Fractional order networked control systems and random delay dynamics: A hardware-in-the-loop simulation study

Abstract

In networked control systems (NCS), the spiky nature of the random delays makes us wonder about the benefits we can expect if the “spikiness”, or what we call “delay dynamics” are considered in the NCS controller design. It turns out that the “spikiness” of the network induced random delays can be better characterized by the so-called α-stable processes, or processes with fractional lower-order statistics (FLOS) which are linked to fractional calculus. Using a real world networked control system platform called the CSOIS Smart Wheel, the effect of modeling the network delay dynamics using non-Gaussian distributions, and compensating for such a delay in closed-loop systems using a FO-PI (fractional order proportional and integral) controller has been experimentally studied. The cases studied include the case when the delay compensated is exactly the same as the actual delay.
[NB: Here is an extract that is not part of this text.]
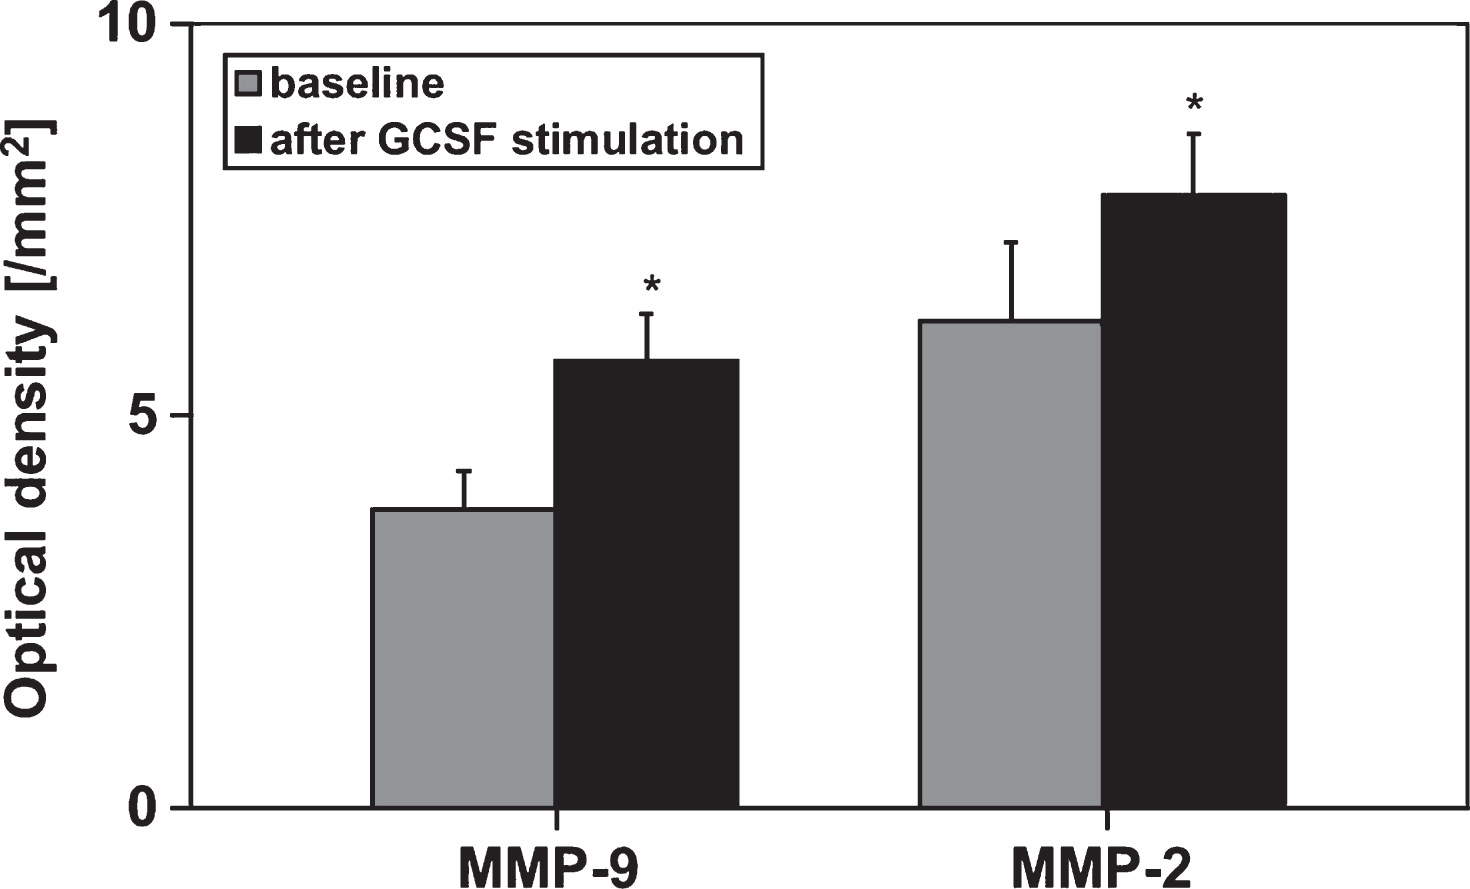 Semiquantitative analysis of MMP-2- and MMP-9-concentrations by determing the optical densities of respective zymograms using peripheral blood of allogenic stem cell donors (n = 6) before and after GM-GCSF-stimulation (5d, 10 μg/kg BW). Data are given as mean±SEM, *p < 0,05 compared to baseline, Mann-Whitney-Test.
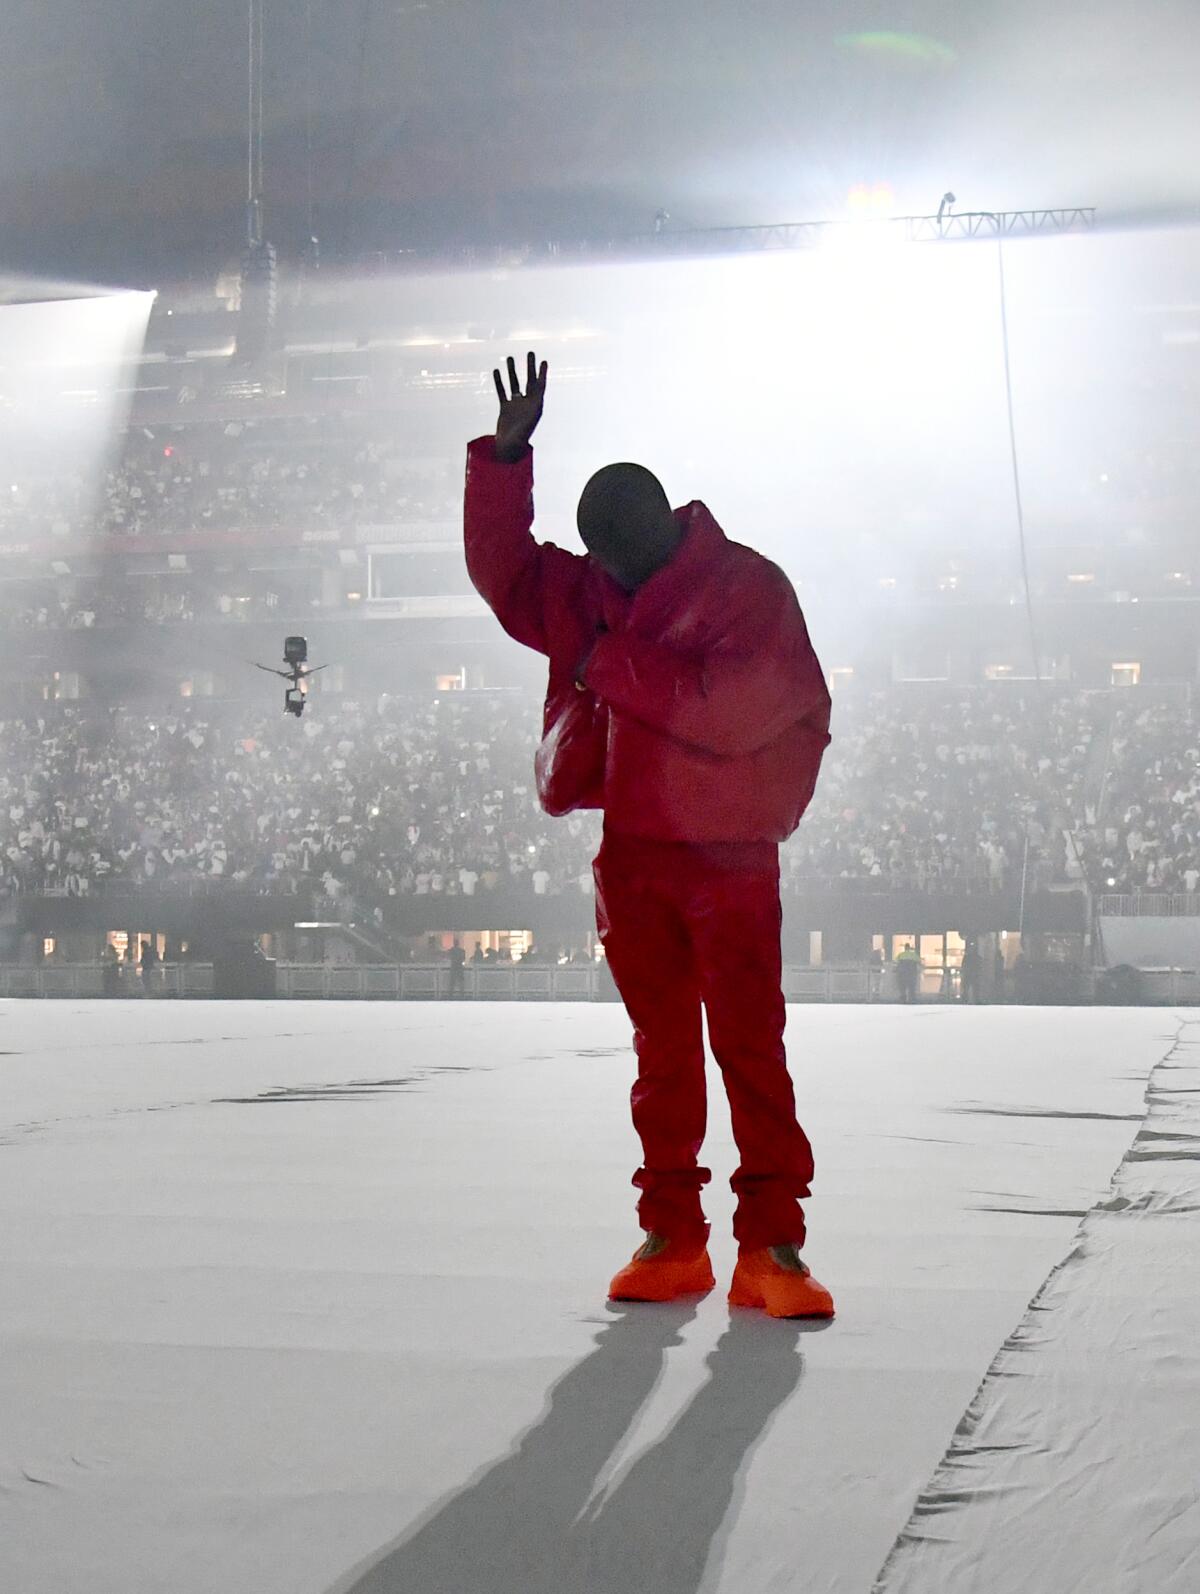 Kanye West's 'Donda' Tour: The Love Affair Between Kanye and

Other scenarios are the ones when the nature of the estimated delay is similar to the actual delay, but the magnitude is slightly smaller. The effect of phase shifting between the estimated and the original delay is also considered. Finally the order of the fractional order proportional integral controller which gives least ITAE, ISE for a particular distribution of the delay is presented. The conclusion is strikingly stimulating: in NCS, when the random delay is spiky, we should consider to model the delay dynamics using a-stable distributions and using fractional order controller whose best fractional order has shown to be related to the FLOS parameter a as evidenced by our extensive experimental results on a real NCS platform.